Пан Феликс не стал дожидаться большего, потому что с него и этого
было довольно. Он вышел в сумерки из хлева своего, поглядел на болото,
курившееся туманом, и молвил:
- Кому лихо - тому и тут пекло.
А подумав немного, добавил:
- Следовательно, бога нет.
И зашагал прочь, не перекрестившись, а только поплевав на четыре
стороны, задергал на длинных ногах своих по Задруцкой дороге искать
себе счастья в чужом краю, имея при себе только саблю да дудку.

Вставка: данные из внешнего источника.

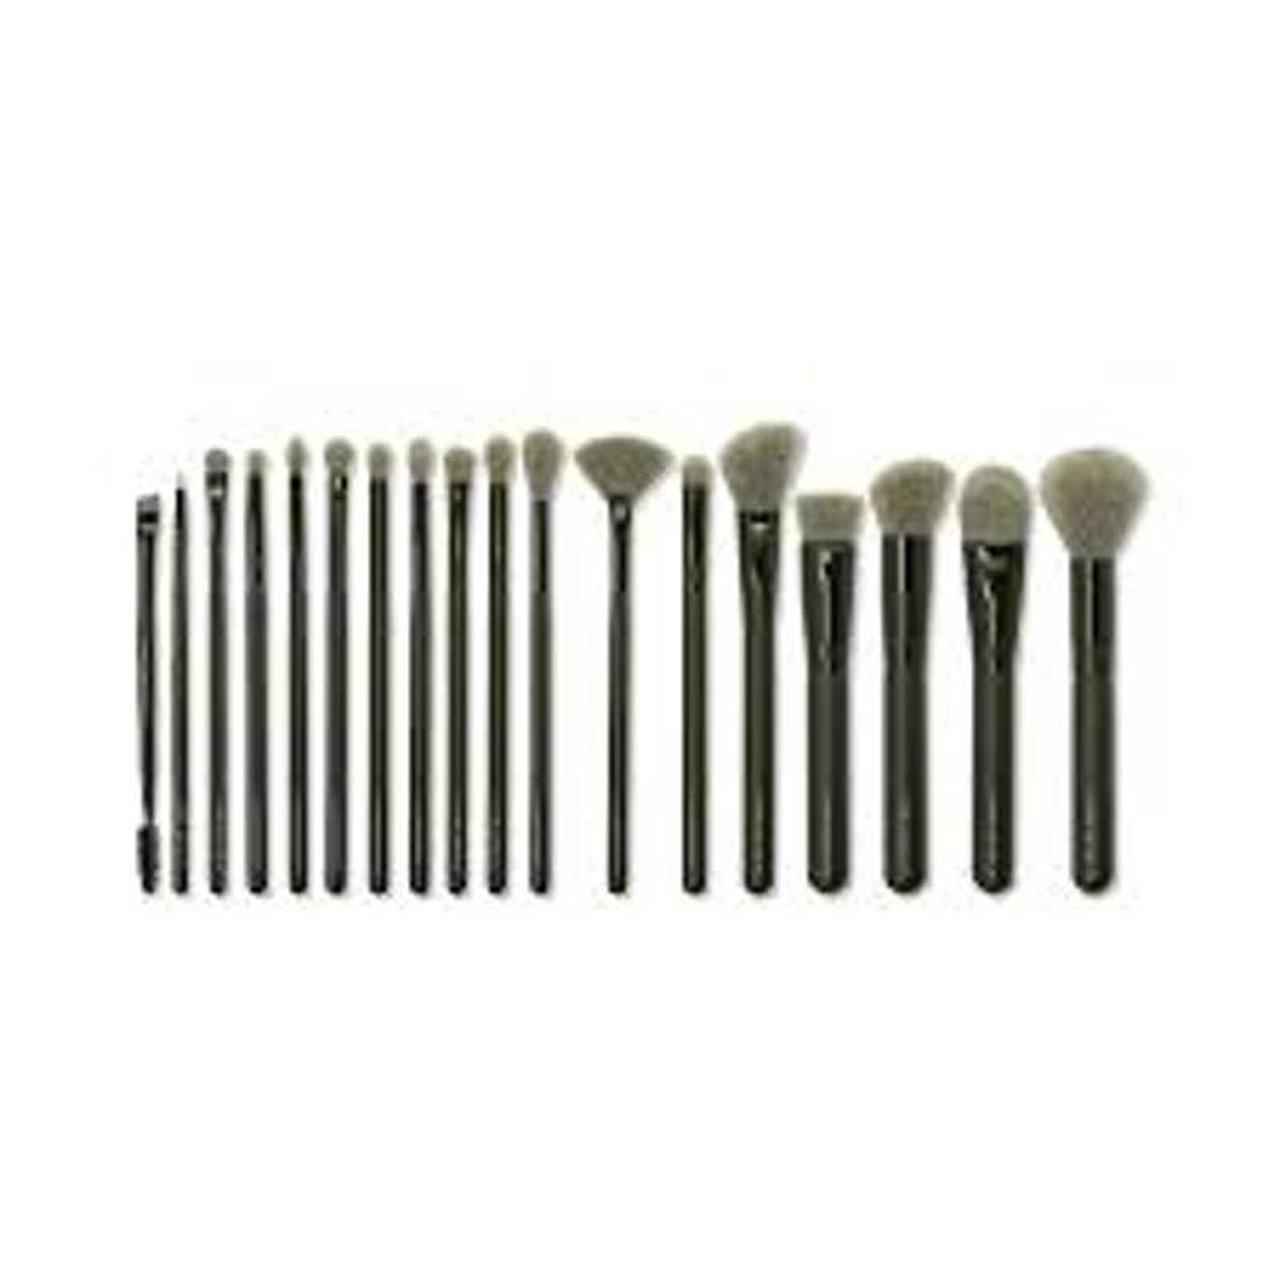 Kara Grey and Black Tools-and-brushes (2)
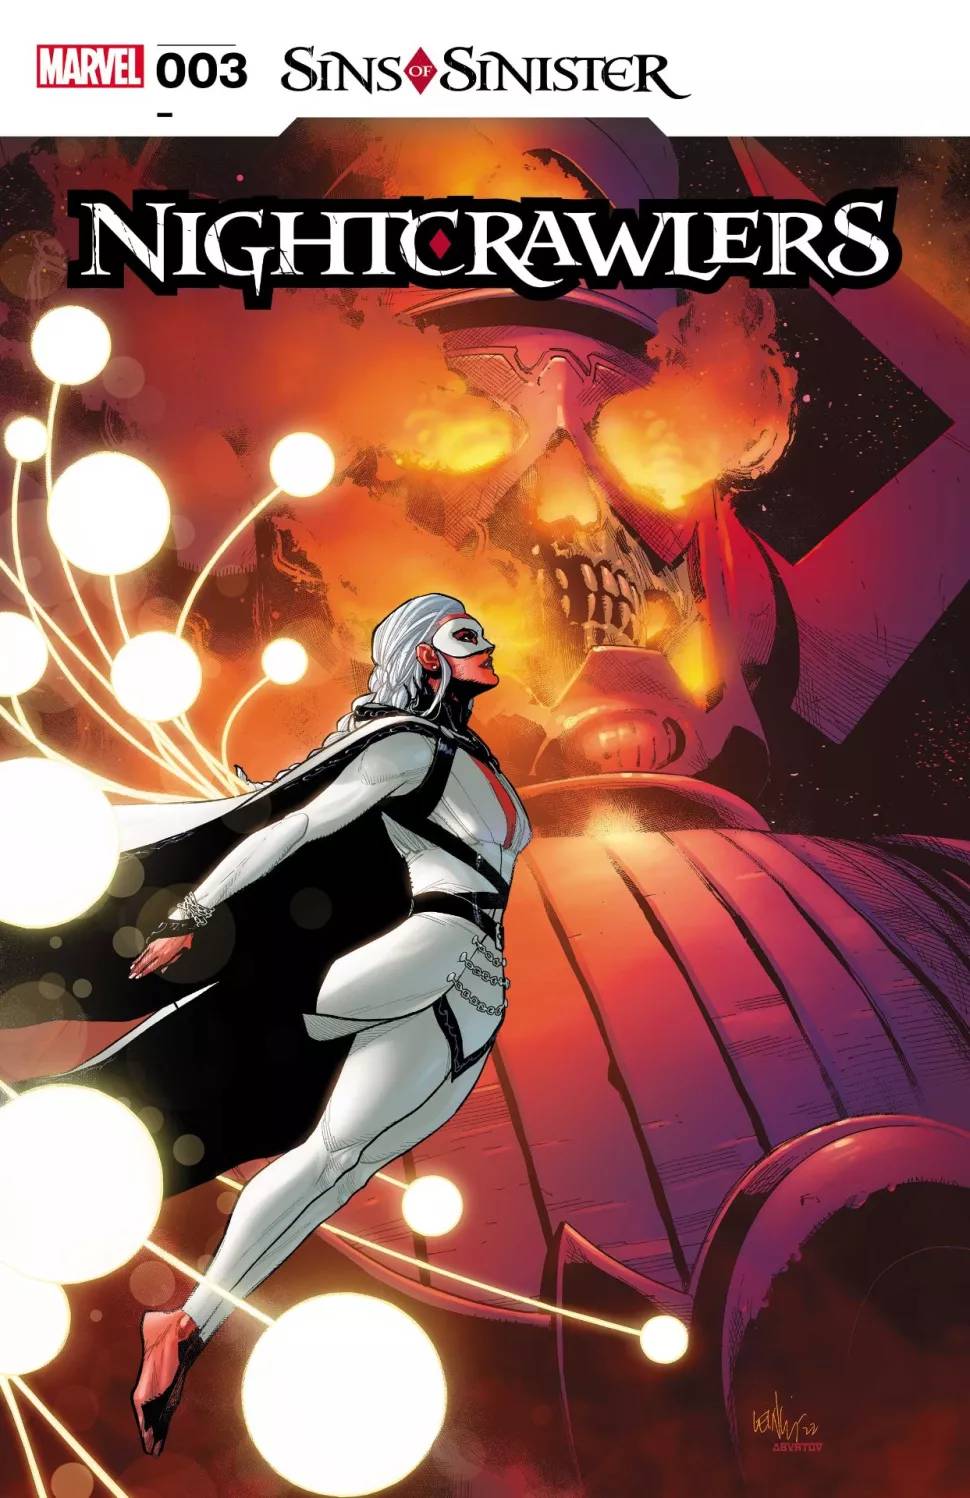 Quais são os Pecados de Sinistro - X-Men - Marvel Comics - Nightcrawlers #3 - Blog Farofeiros

Побывал тогда пан Феликс в разных землях за рубежом польским,
служил тому и тому королю, добывая себе саблей рыцарскую славу, а
дудкой - душевный покой. И так, кружась по белому свету, прибился пан
Феликс к московскому берегу. Здесь полюбилось веселому пану, и здесь
осел он надолго. Здесь-то, на Болвановке, против развалившейся
кузницы, и обрели они друг друга: пан Феликс Заблоцкий и князь Иван
Хворостинин.

    XIII. ПОСЛЕДНИЙ КУЗНЕЦ НА БОЛВАНОВКЕ



С той поры князь Иван и зачастил на Болвановку к Заблоцкому пану.
Миновала половина лета, засушливая, с горьким дымом лесных
пожаров, а вторая половина прошла в великих дождях. Рожь стояла в поле
зелена. Зерно не вызрело и сгнило в бухлых колосьях.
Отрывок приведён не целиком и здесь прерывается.